- Task statement -
The response should consist of the data below, copied exactly, with no pictures in it.

- Information provided -
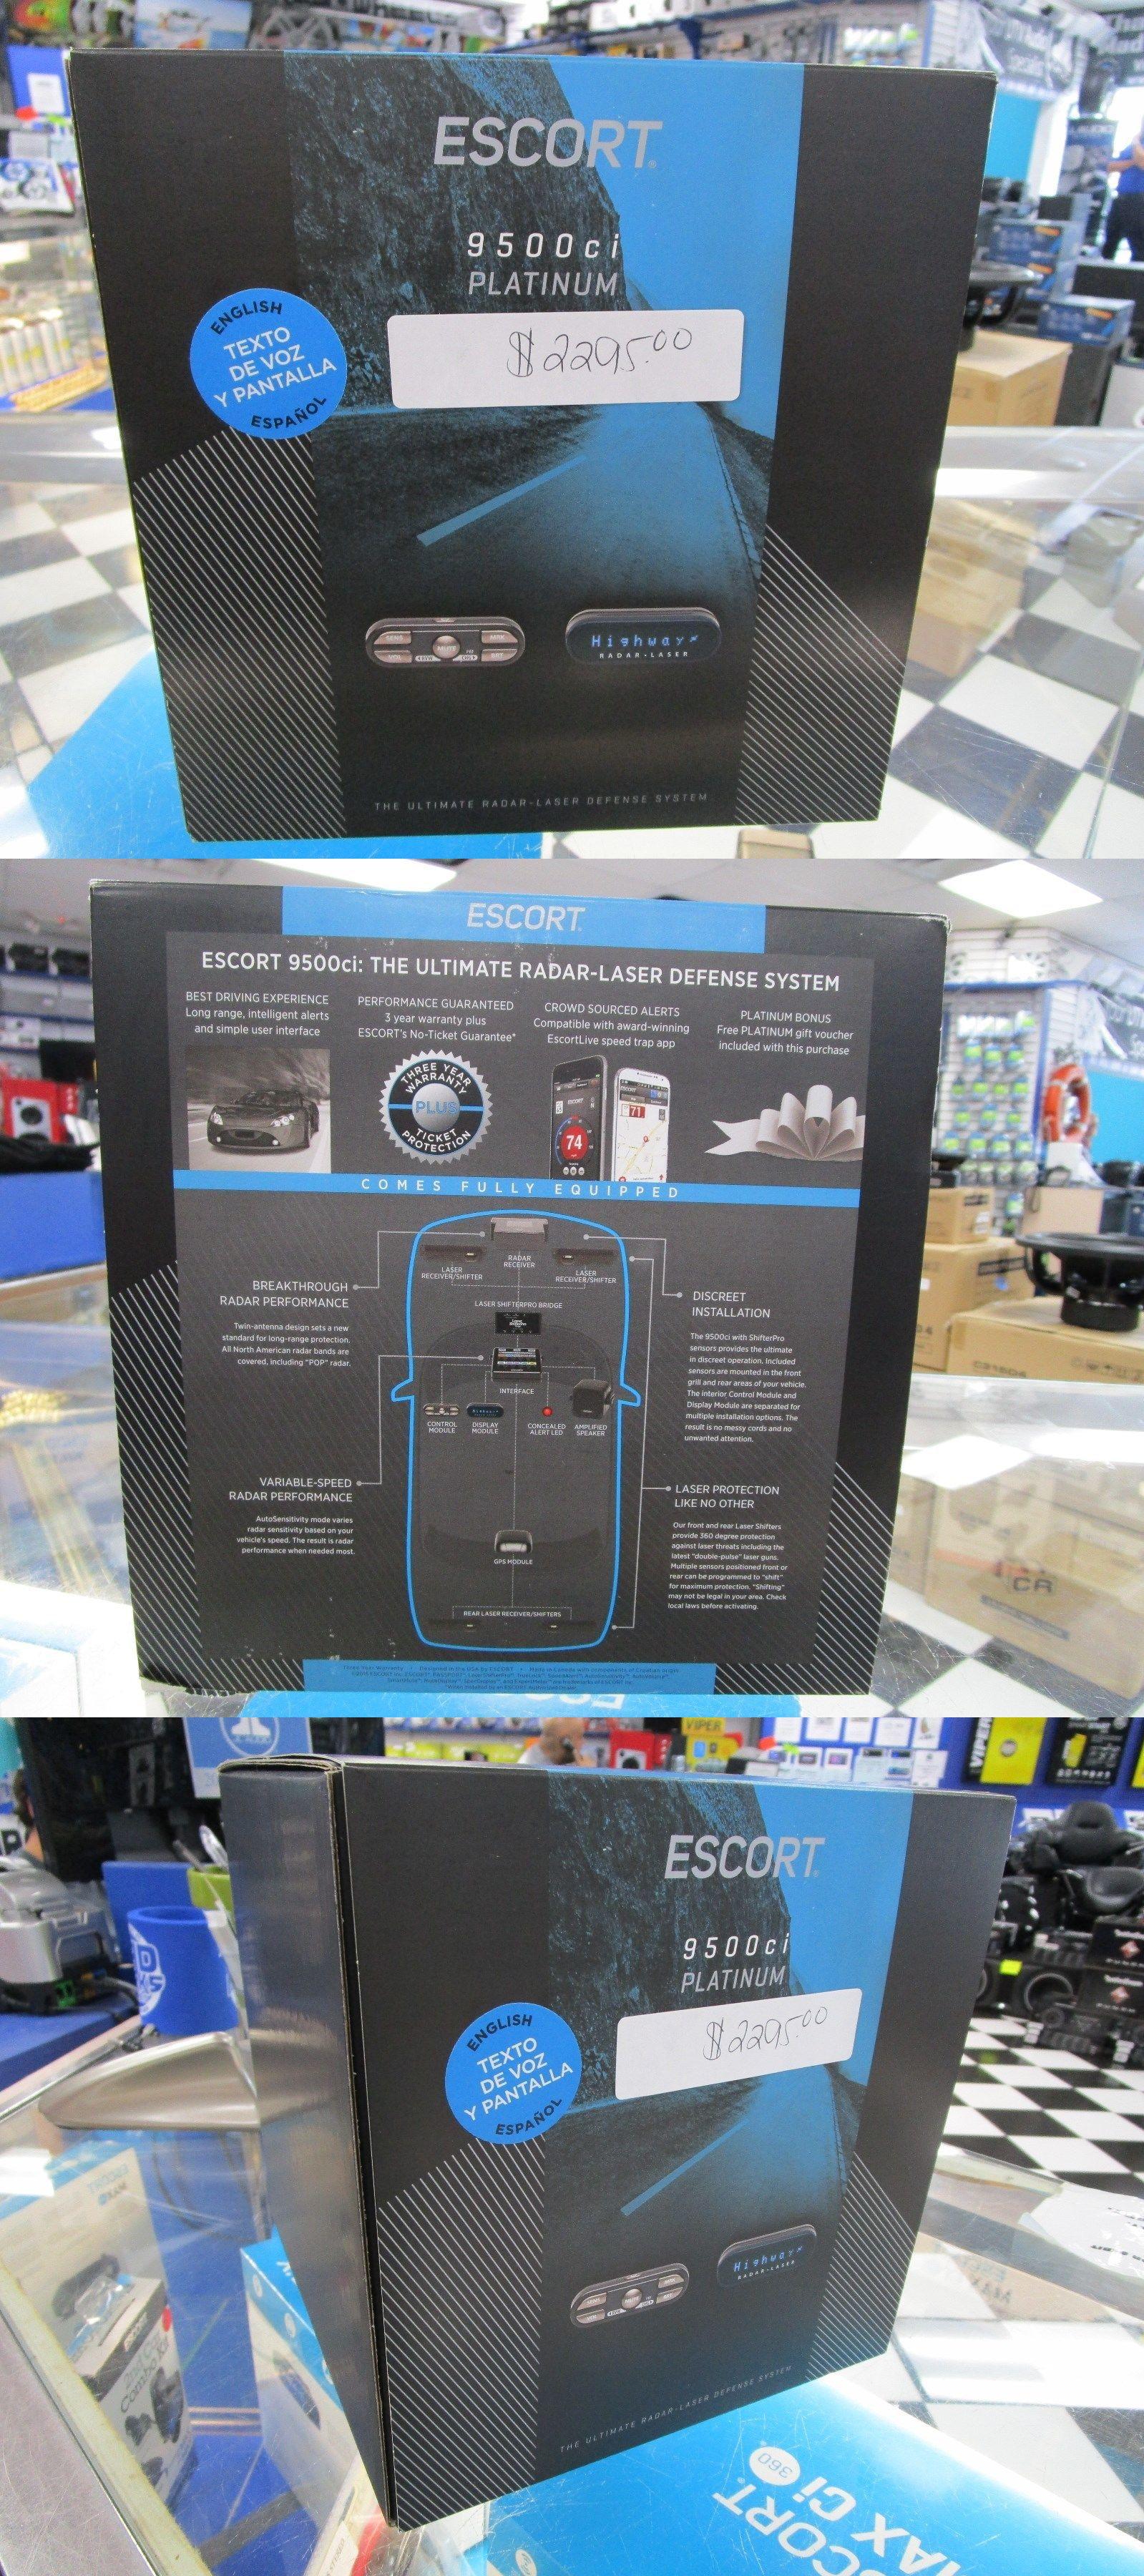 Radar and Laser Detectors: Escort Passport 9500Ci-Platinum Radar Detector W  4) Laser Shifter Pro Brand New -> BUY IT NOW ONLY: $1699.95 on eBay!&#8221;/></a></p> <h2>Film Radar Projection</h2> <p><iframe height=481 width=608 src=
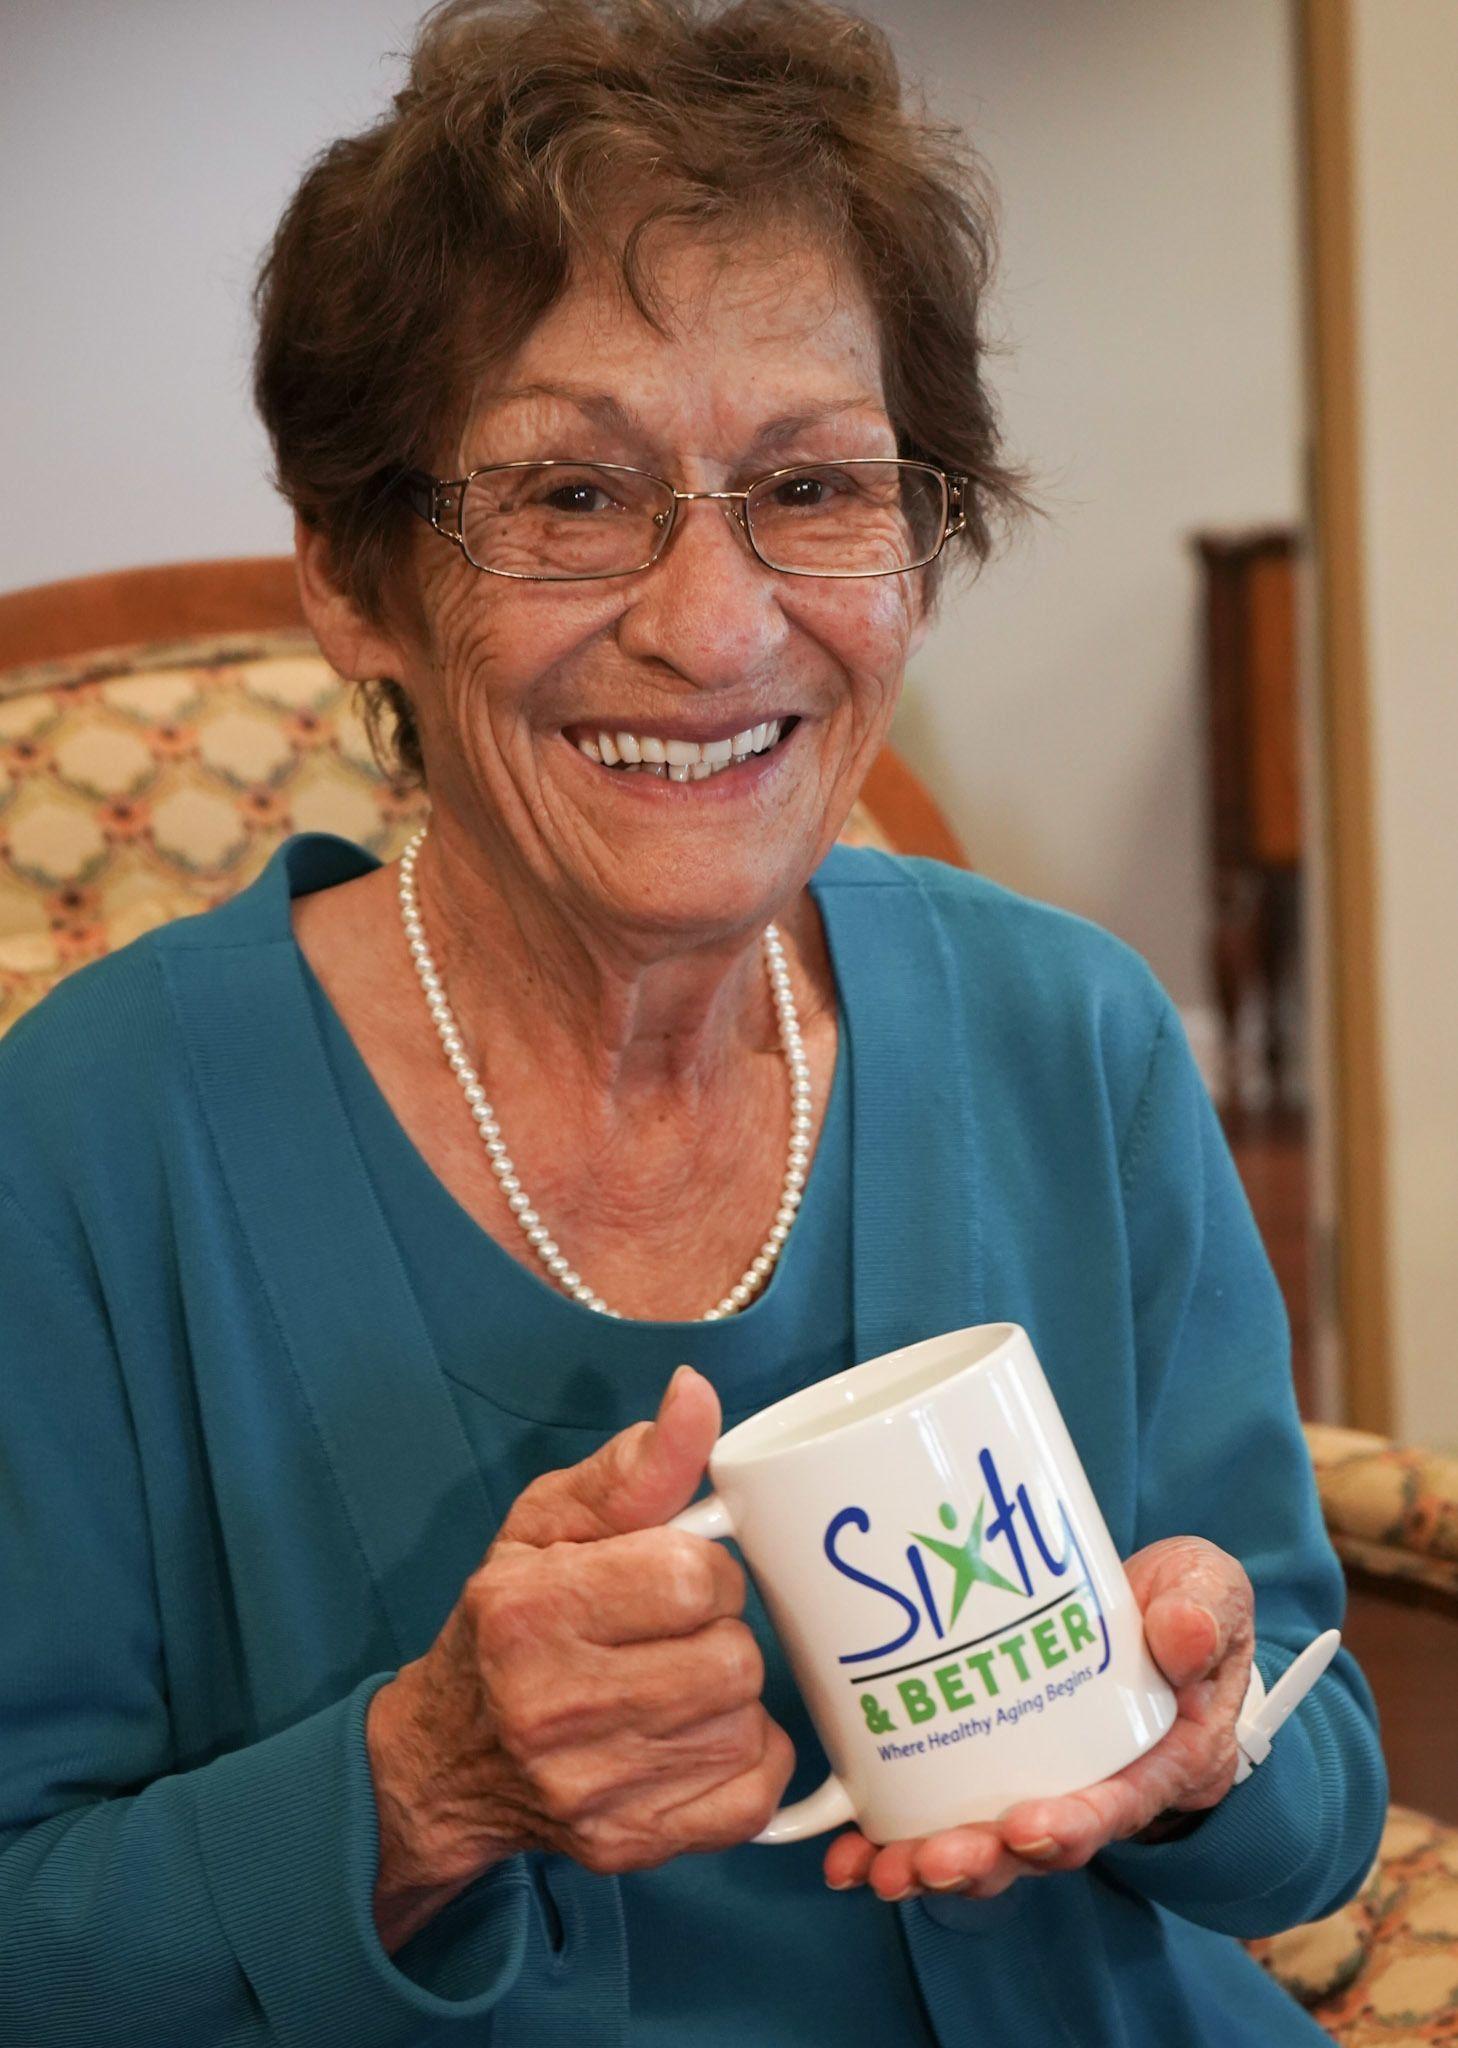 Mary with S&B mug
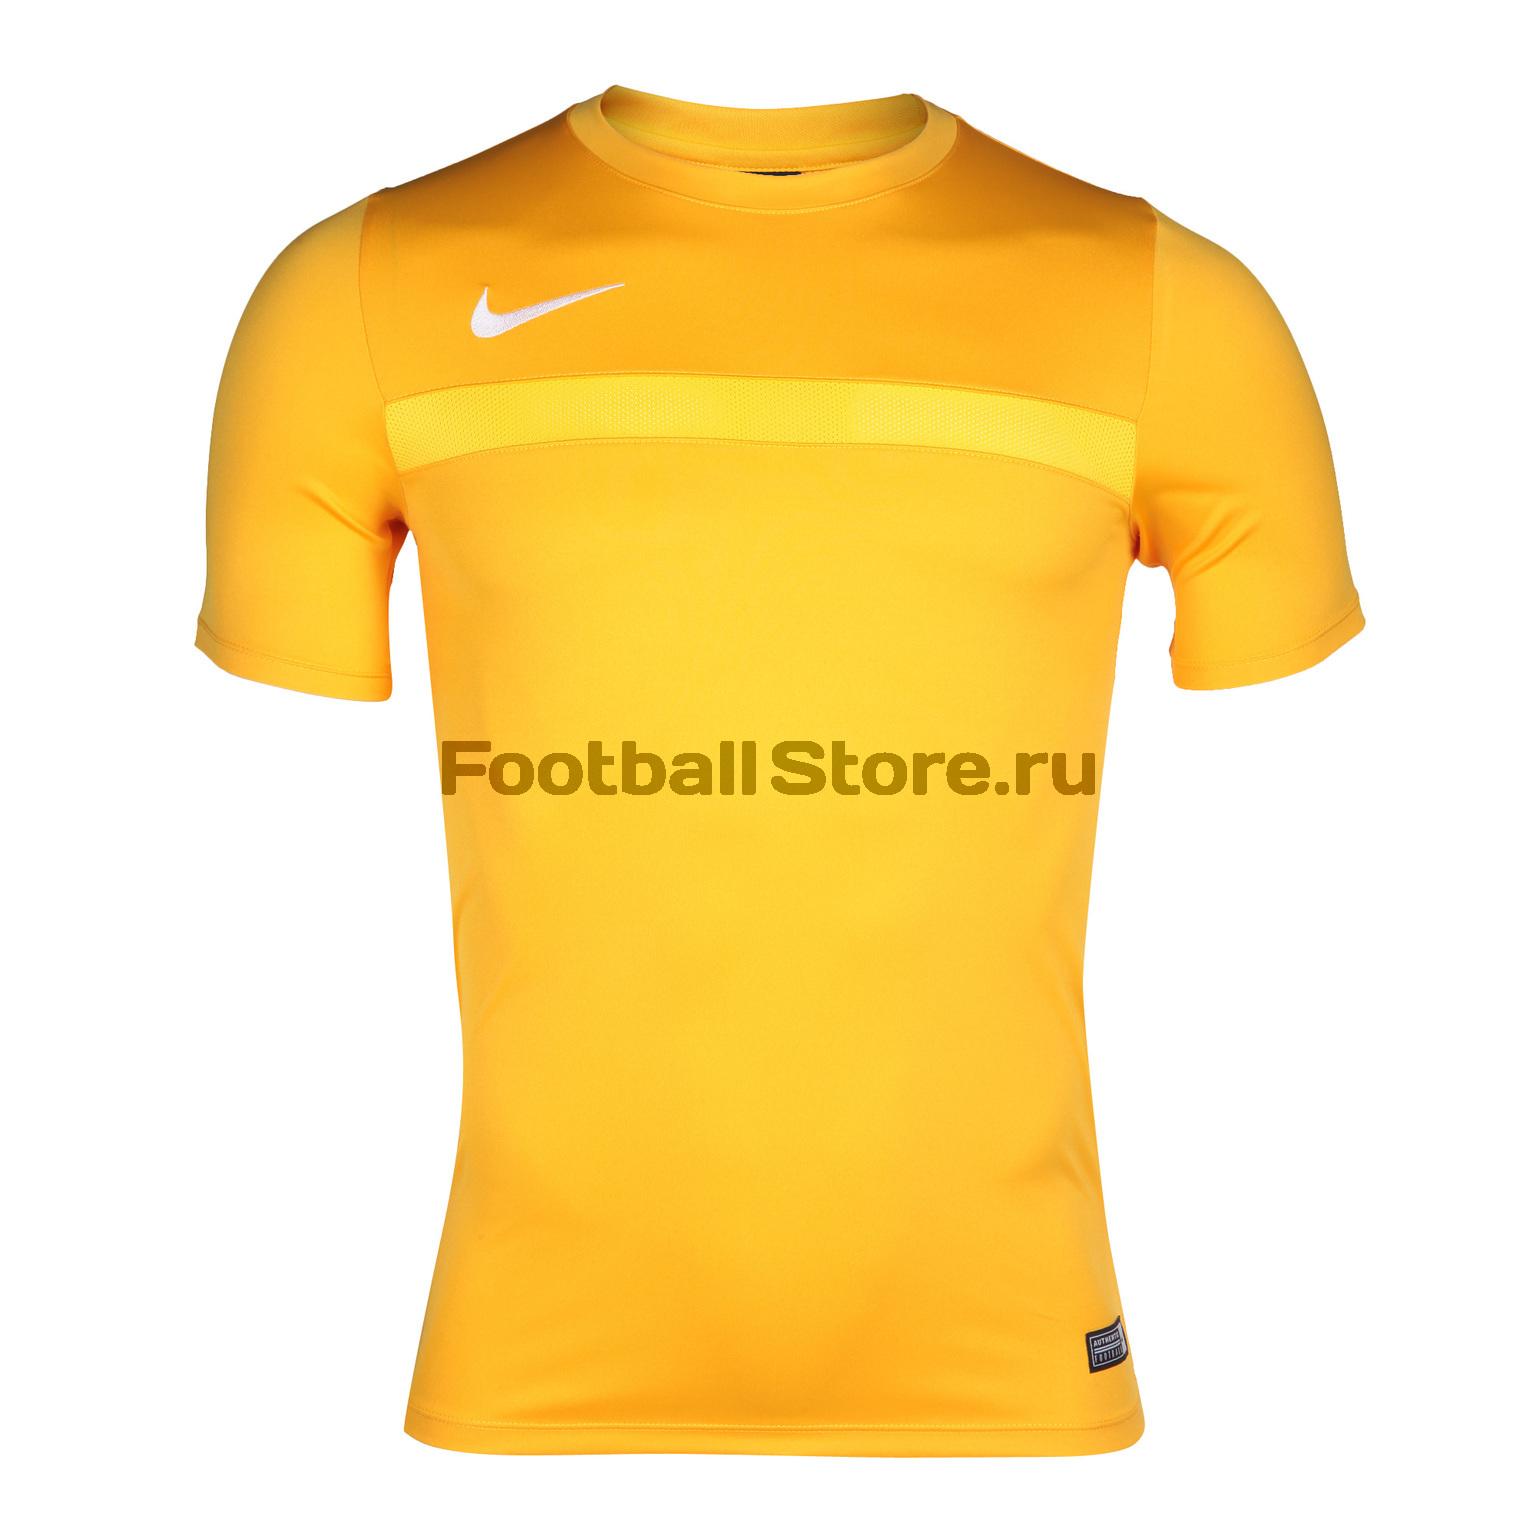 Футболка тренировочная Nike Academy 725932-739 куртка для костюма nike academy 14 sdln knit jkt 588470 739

- Solution to the exercise -
 Radar and Laser Detectors: Escort Passport 9500Ci-Platinum Radar Detector W  4) Laser Shifter Pro Brand New -> BUY IT NOW ONLY: $1699.95 on eBay!&#8221;/></a></p> <h2>Film Radar Projection</h2> <p><iframe height=481 width=608 src=
 Mary with S&B mug
 Футболка тренировочная Nike Academy 725932-739 куртка для костюма nike academy 14 sdln knit jkt 588470 739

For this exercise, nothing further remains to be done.